**Task item**
Reproduce word for word, from the entries below, the line with "This Luxle 18K", the line with "Former President Clinton", and every line between them, and nothing more.

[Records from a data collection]
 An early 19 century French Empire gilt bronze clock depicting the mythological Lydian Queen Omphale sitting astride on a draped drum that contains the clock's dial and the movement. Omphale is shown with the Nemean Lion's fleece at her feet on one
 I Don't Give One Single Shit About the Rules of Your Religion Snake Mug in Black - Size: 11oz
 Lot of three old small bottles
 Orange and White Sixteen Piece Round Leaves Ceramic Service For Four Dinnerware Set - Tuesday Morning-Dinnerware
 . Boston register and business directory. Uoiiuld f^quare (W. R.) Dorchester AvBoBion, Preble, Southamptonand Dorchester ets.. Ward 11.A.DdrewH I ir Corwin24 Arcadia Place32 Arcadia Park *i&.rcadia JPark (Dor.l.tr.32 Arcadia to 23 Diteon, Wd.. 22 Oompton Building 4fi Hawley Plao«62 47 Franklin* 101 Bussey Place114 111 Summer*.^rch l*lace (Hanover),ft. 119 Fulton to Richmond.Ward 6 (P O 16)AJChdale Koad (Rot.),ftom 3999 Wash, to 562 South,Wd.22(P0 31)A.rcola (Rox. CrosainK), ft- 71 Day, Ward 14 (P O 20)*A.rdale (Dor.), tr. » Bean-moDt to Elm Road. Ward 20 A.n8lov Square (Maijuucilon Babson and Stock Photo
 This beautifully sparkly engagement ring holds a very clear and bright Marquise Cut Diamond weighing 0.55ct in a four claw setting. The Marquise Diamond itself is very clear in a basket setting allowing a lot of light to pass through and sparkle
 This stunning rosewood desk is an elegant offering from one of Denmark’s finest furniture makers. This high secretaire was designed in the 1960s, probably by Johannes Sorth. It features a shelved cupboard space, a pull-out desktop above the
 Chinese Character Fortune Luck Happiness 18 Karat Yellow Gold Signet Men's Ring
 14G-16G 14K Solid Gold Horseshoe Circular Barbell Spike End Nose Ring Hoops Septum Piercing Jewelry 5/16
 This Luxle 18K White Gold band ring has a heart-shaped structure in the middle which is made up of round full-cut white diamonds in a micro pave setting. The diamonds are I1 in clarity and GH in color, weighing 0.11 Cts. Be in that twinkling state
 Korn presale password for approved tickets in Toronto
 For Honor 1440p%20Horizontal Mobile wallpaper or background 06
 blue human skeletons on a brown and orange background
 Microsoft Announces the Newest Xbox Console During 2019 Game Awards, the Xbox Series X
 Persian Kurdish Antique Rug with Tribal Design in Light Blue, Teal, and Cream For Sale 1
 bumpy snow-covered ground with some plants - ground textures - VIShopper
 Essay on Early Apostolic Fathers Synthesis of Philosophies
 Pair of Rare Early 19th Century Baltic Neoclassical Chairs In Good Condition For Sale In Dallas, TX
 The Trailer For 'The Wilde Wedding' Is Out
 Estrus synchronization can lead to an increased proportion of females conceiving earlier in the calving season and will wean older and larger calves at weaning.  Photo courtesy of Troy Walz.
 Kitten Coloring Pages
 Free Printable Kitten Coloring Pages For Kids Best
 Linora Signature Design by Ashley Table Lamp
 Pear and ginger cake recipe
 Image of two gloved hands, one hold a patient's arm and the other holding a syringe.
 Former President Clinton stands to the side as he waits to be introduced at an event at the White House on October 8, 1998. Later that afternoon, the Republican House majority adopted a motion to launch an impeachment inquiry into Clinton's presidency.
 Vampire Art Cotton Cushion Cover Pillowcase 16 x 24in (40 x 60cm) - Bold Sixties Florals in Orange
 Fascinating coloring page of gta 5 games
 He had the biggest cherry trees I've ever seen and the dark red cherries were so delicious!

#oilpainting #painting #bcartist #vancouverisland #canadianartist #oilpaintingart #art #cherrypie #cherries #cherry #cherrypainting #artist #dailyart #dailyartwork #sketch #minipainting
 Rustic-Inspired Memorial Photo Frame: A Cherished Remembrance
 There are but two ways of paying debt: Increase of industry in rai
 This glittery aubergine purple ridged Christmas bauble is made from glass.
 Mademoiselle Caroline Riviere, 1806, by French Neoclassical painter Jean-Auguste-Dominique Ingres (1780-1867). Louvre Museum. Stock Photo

**Exercise response**
 This Luxle 18K White Gold band ring has a heart-shaped structure in the middle which is made up of round full-cut white diamonds in a micro pave setting. The diamonds are I1 in clarity and GH in color, weighing 0.11 Cts. Be in that twinkling state
 Korn presale password for approved tickets in Toronto
 For Honor 1440p%20Horizontal Mobile wallpaper or background 06
 blue human skeletons on a brown and orange background
 Microsoft Announces the Newest Xbox Console During 2019 Game Awards, the Xbox Series X
 Persian Kurdish Antique Rug with Tribal Design in Light Blue, Teal, and Cream For Sale 1
 bumpy snow-covered ground with some plants - ground textures - VIShopper
 Essay on Early Apostolic Fathers Synthesis of Philosophies
 Pair of Rare Early 19th Century Baltic Neoclassical Chairs In Good Condition For Sale In Dallas, TX
 The Trailer For 'The Wilde Wedding' Is Out
 Estrus synchronization can lead to an increased proportion of females conceiving earlier in the calving season and will wean older and larger calves at weaning.  Photo courtesy of Troy Walz.
 Kitten Coloring Pages
 Free Printable Kitten Coloring Pages For Kids Best
 Linora Signature Design by Ashley Table Lamp
 Pear and ginger cake recipe
 Image of two gloved hands, one hold a patient's arm and the other holding a syringe.
 Former President Clinton stands to the side as he waits to be introduced at an event at the White House on October 8, 1998. Later that afternoon, the Republican House majority adopted a motion to launch an impeachment inquiry into Clinton's presidency.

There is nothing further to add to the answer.